• Dataset extract:

____________________

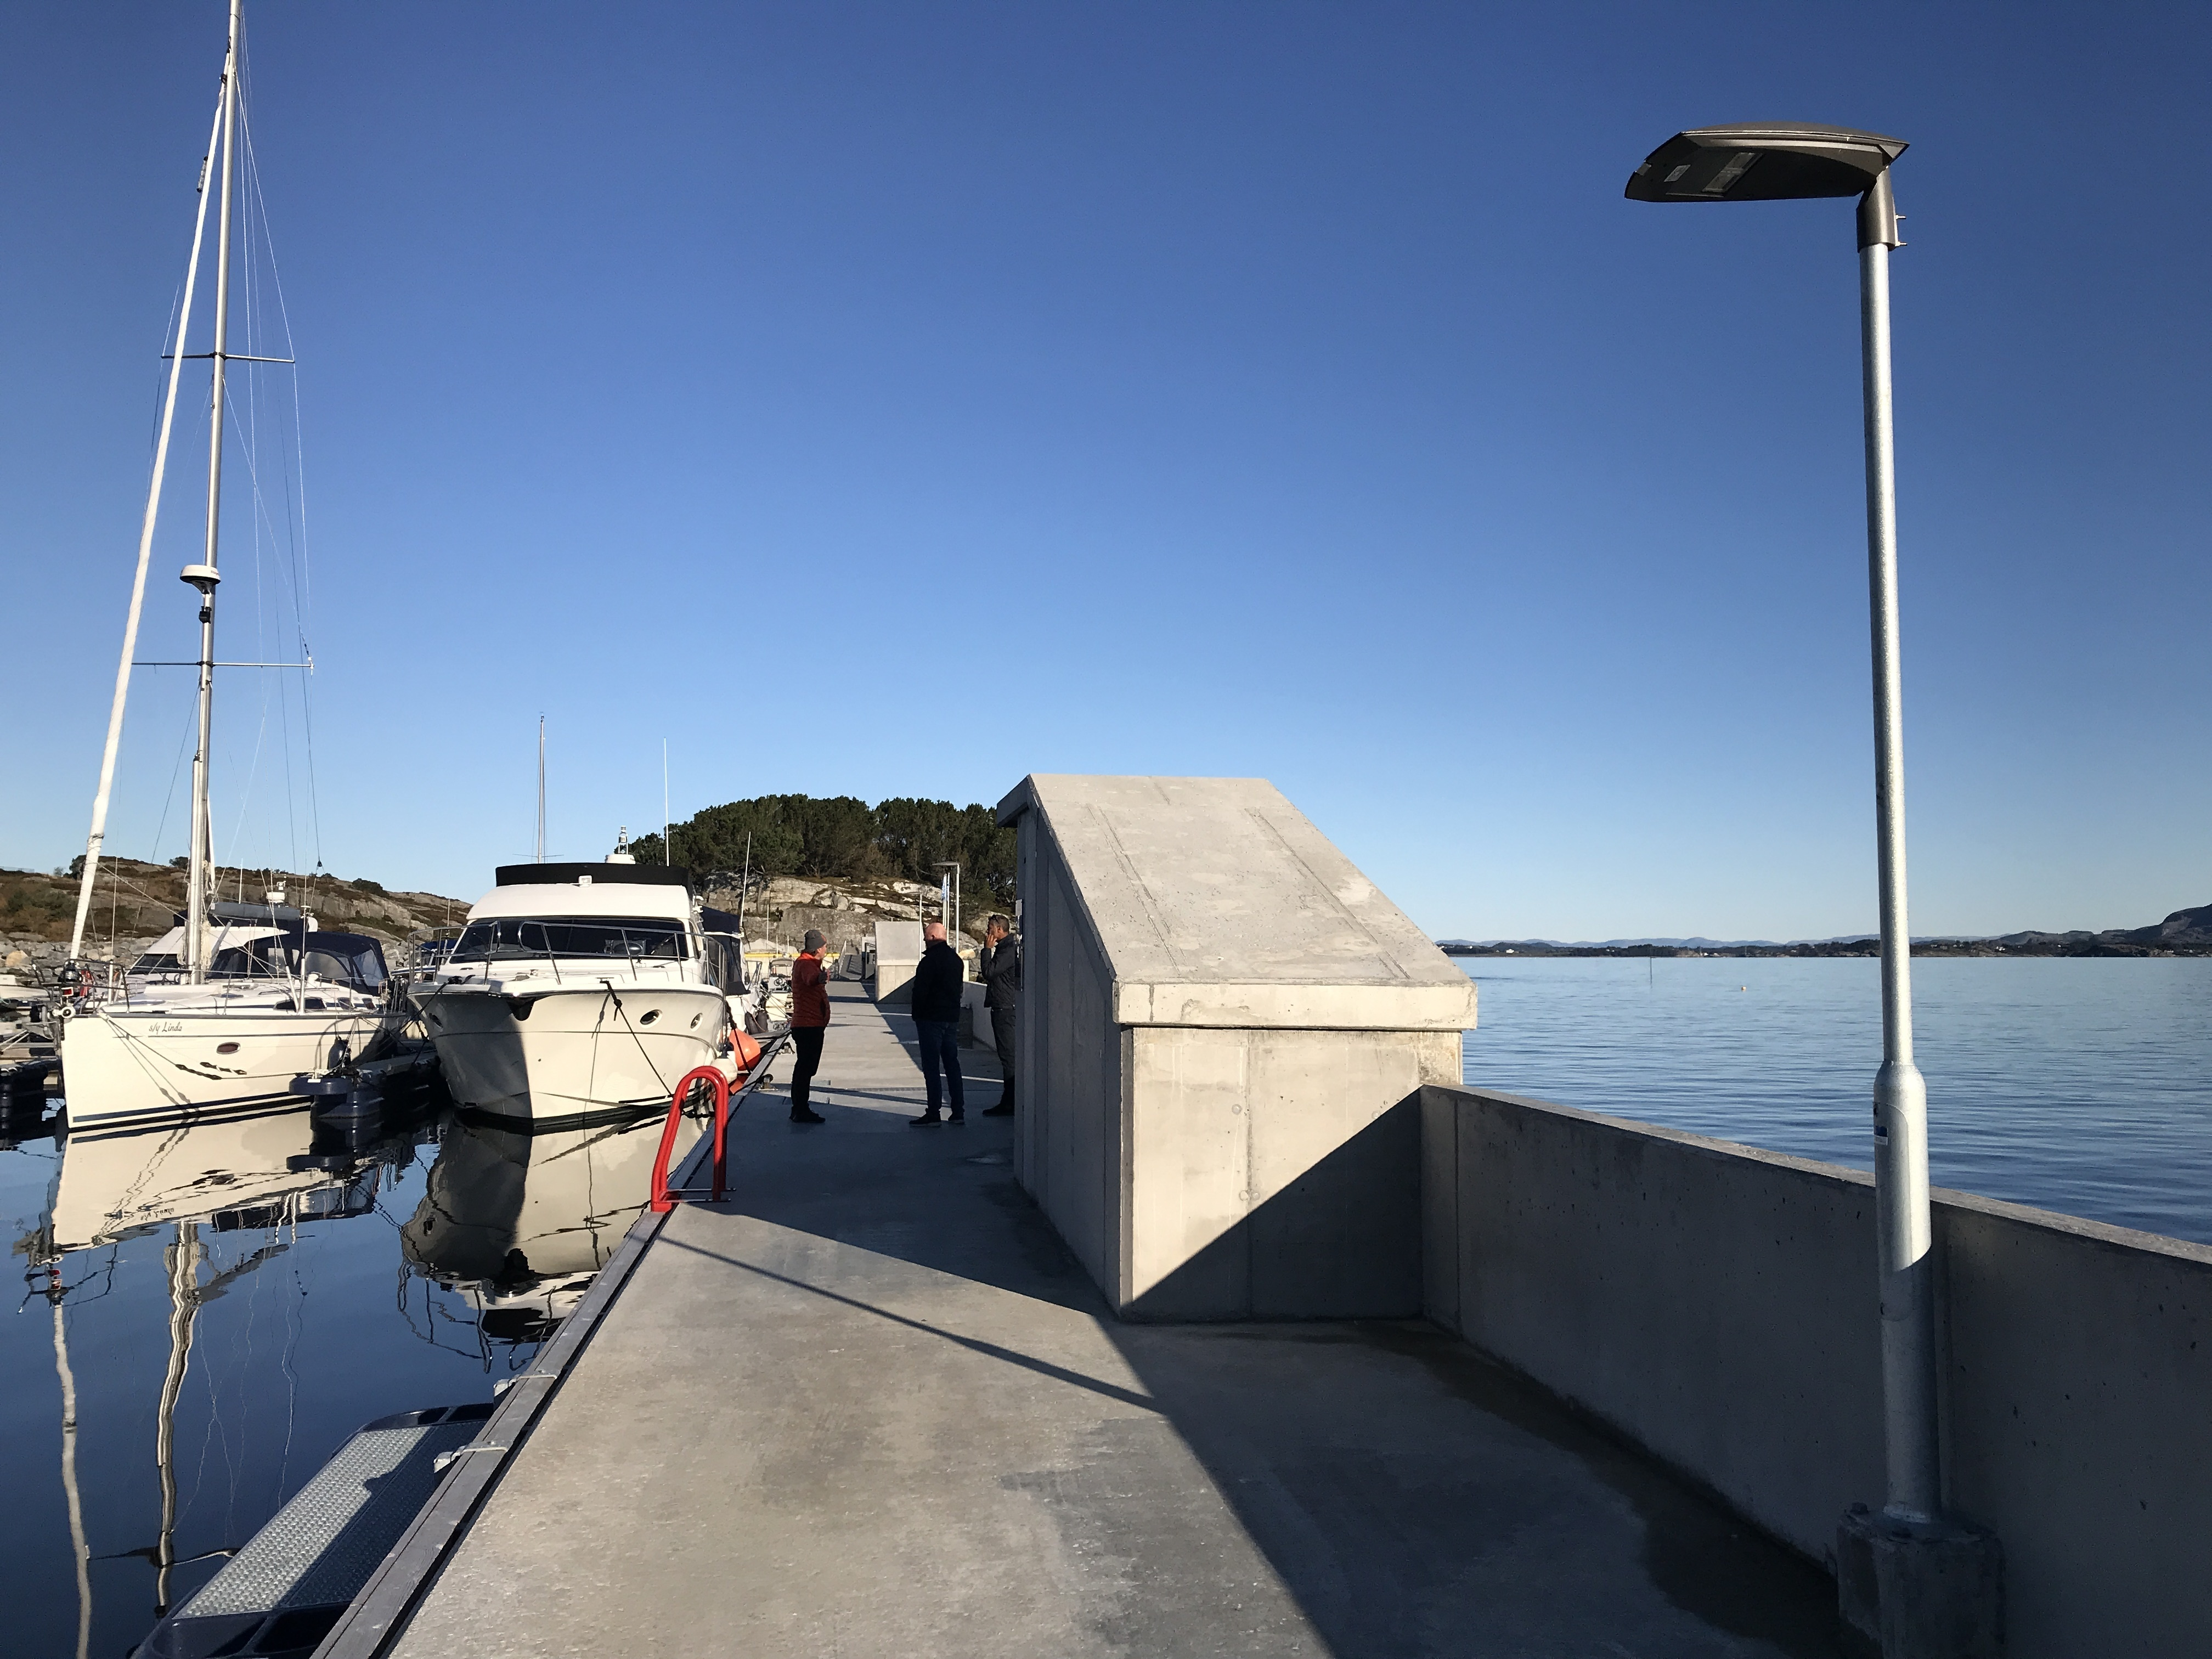 https://www.marinasolutions.no/uploads/Flytemolo_rennebrygger_landgang-Hjeltefjorden-Båtlag-og-Gjestehavn-69.JPG
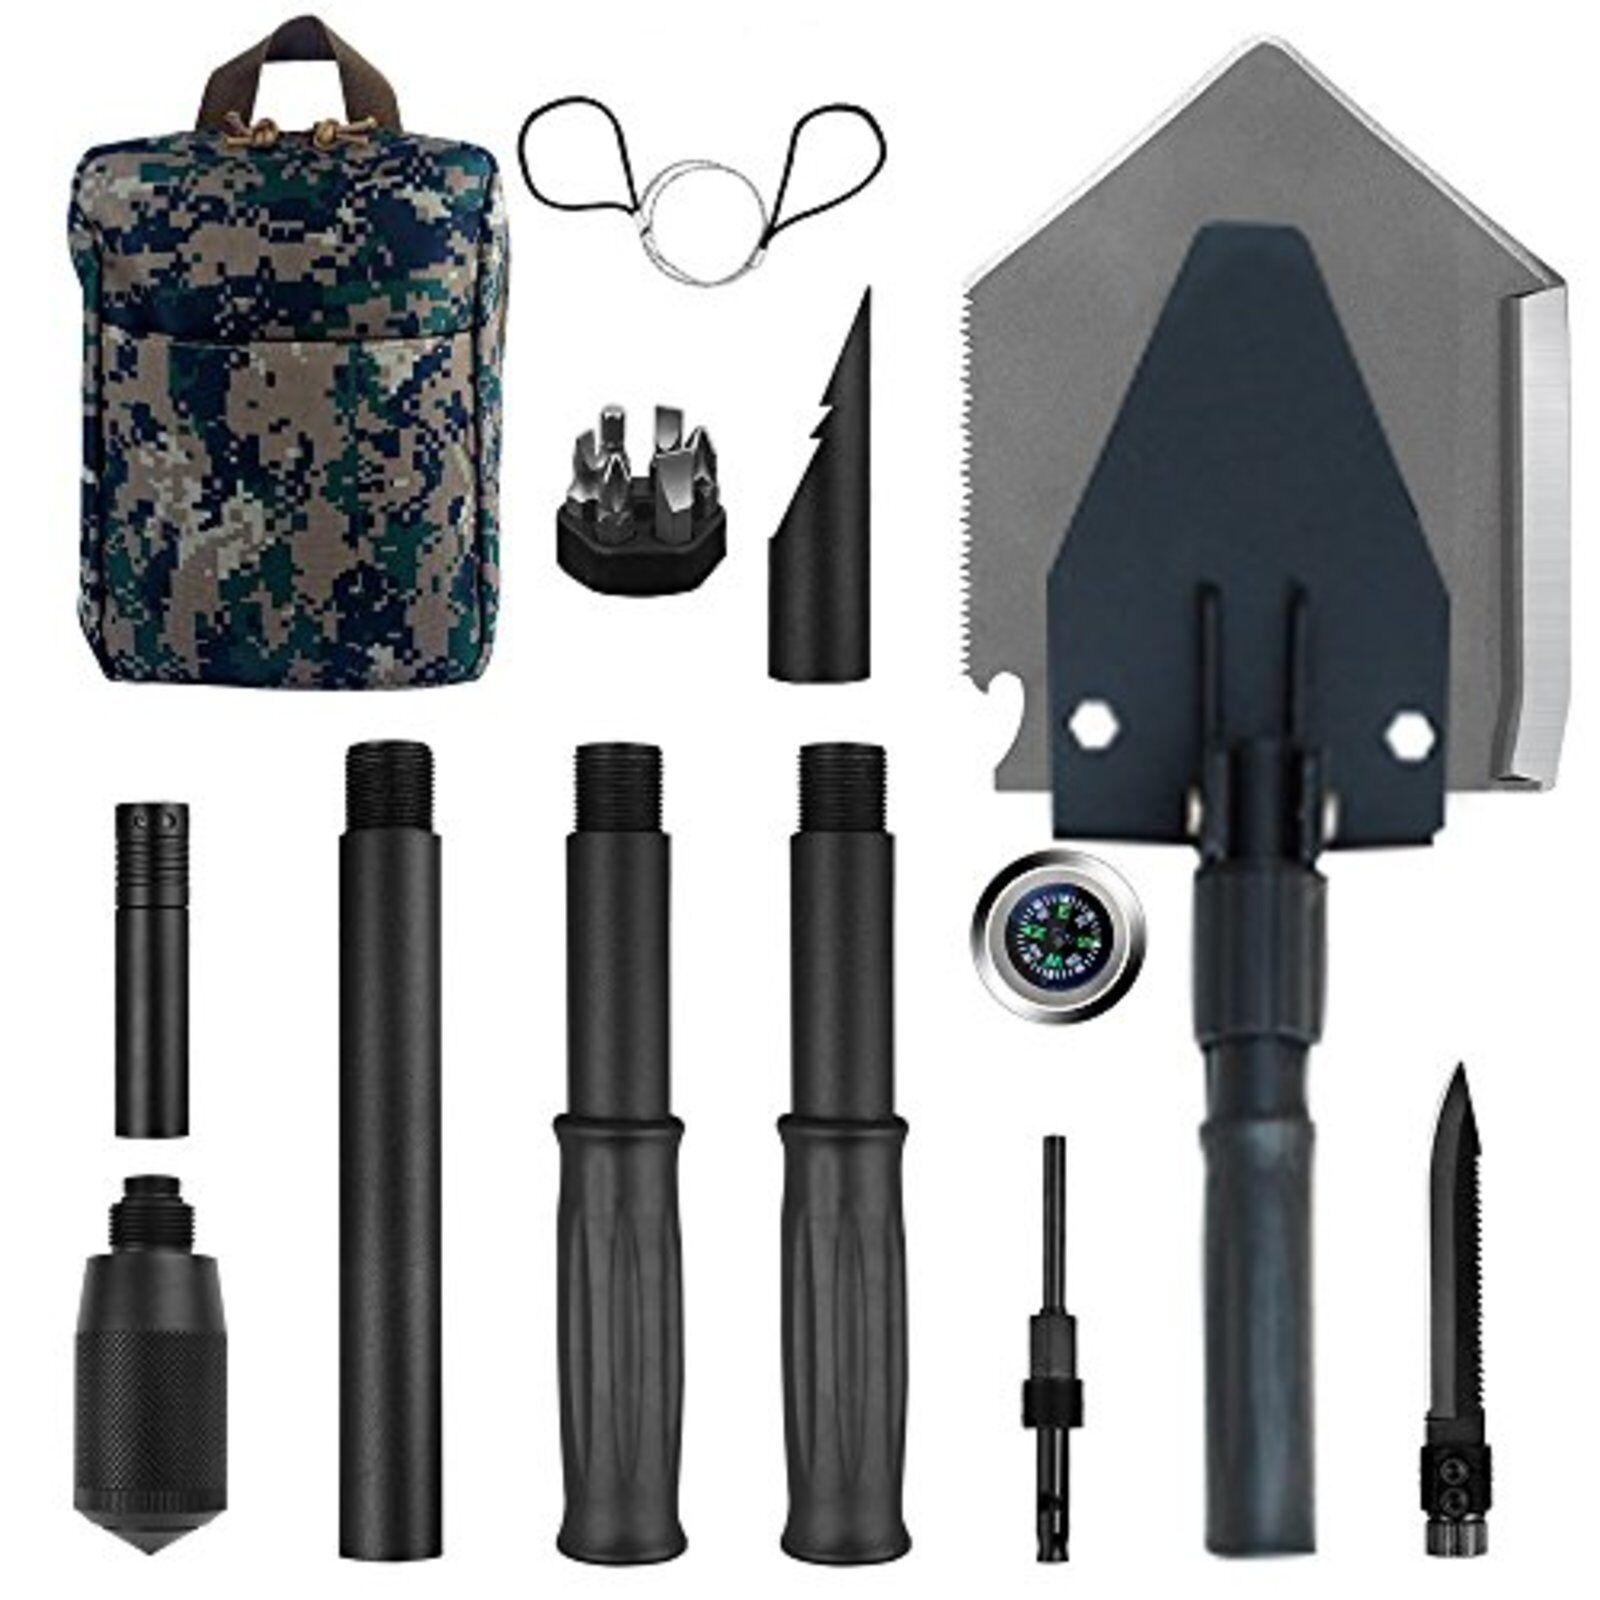 Militär Tragbarer Faltbarer Schaufel 89cm Lang Taktisch Set F S W Verfolgen
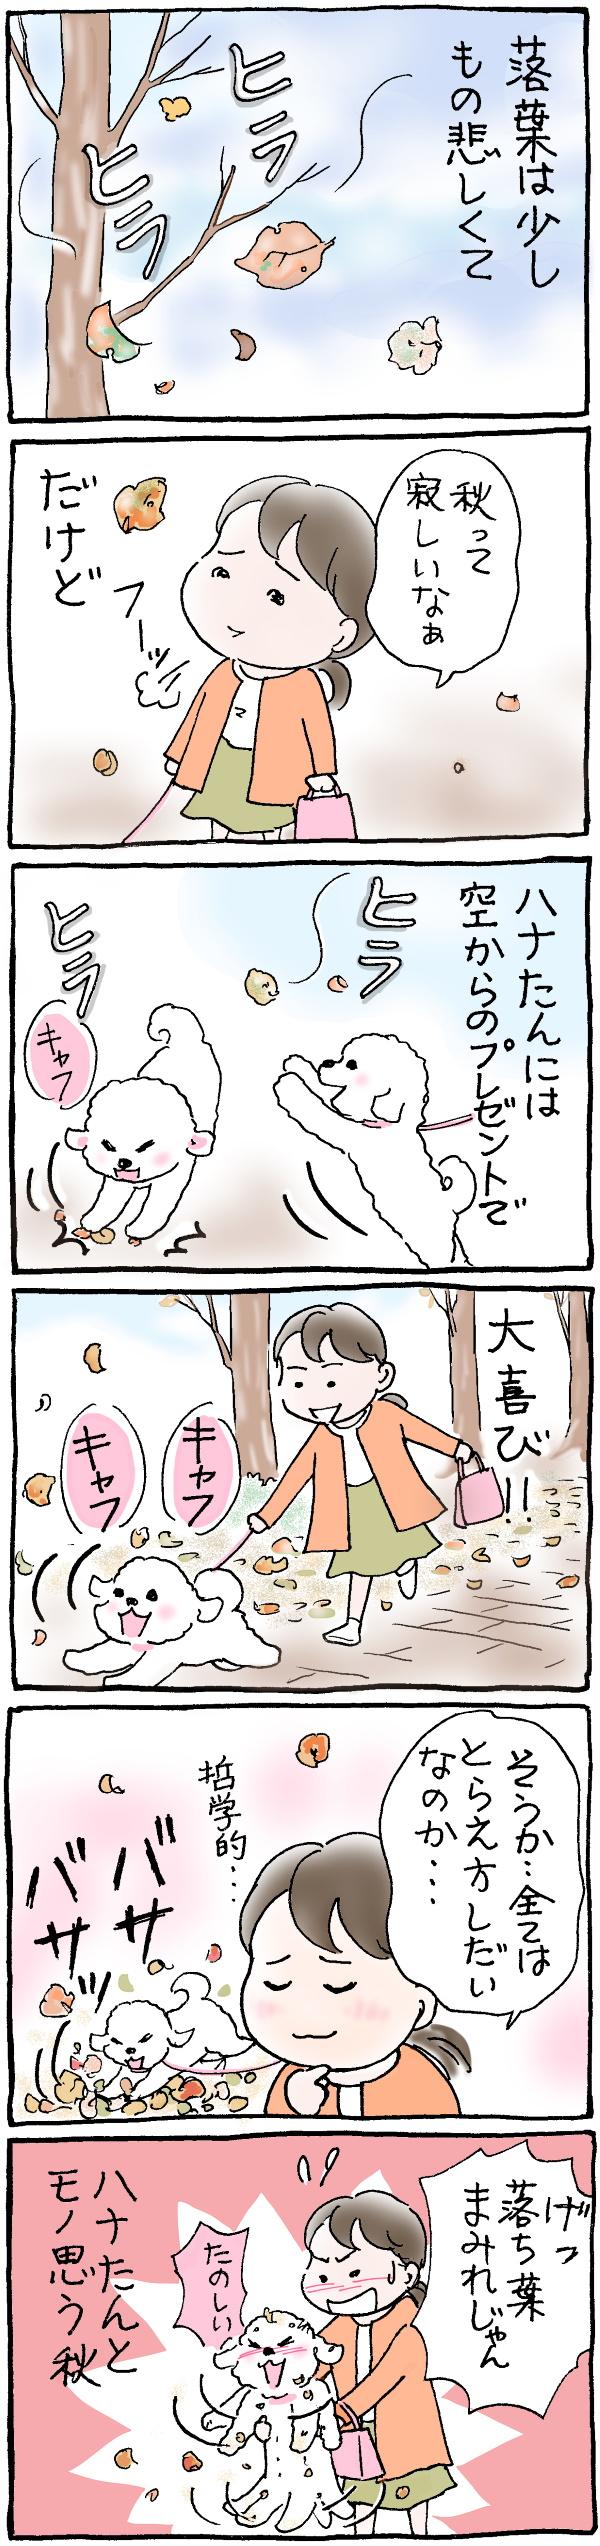 ハナちゃんと落ち葉

____________________

• Work to complete: Print the lines from the line containing "Militär Tragbarer Faltbarer" through the last line of the listing, exactly as they stand, and leave any pictures out.

• Result of this exercise:
 Militär Tragbarer Faltbarer Schaufel 89cm Lang Taktisch Set F S W Verfolgen
 ハナちゃんと落ち葉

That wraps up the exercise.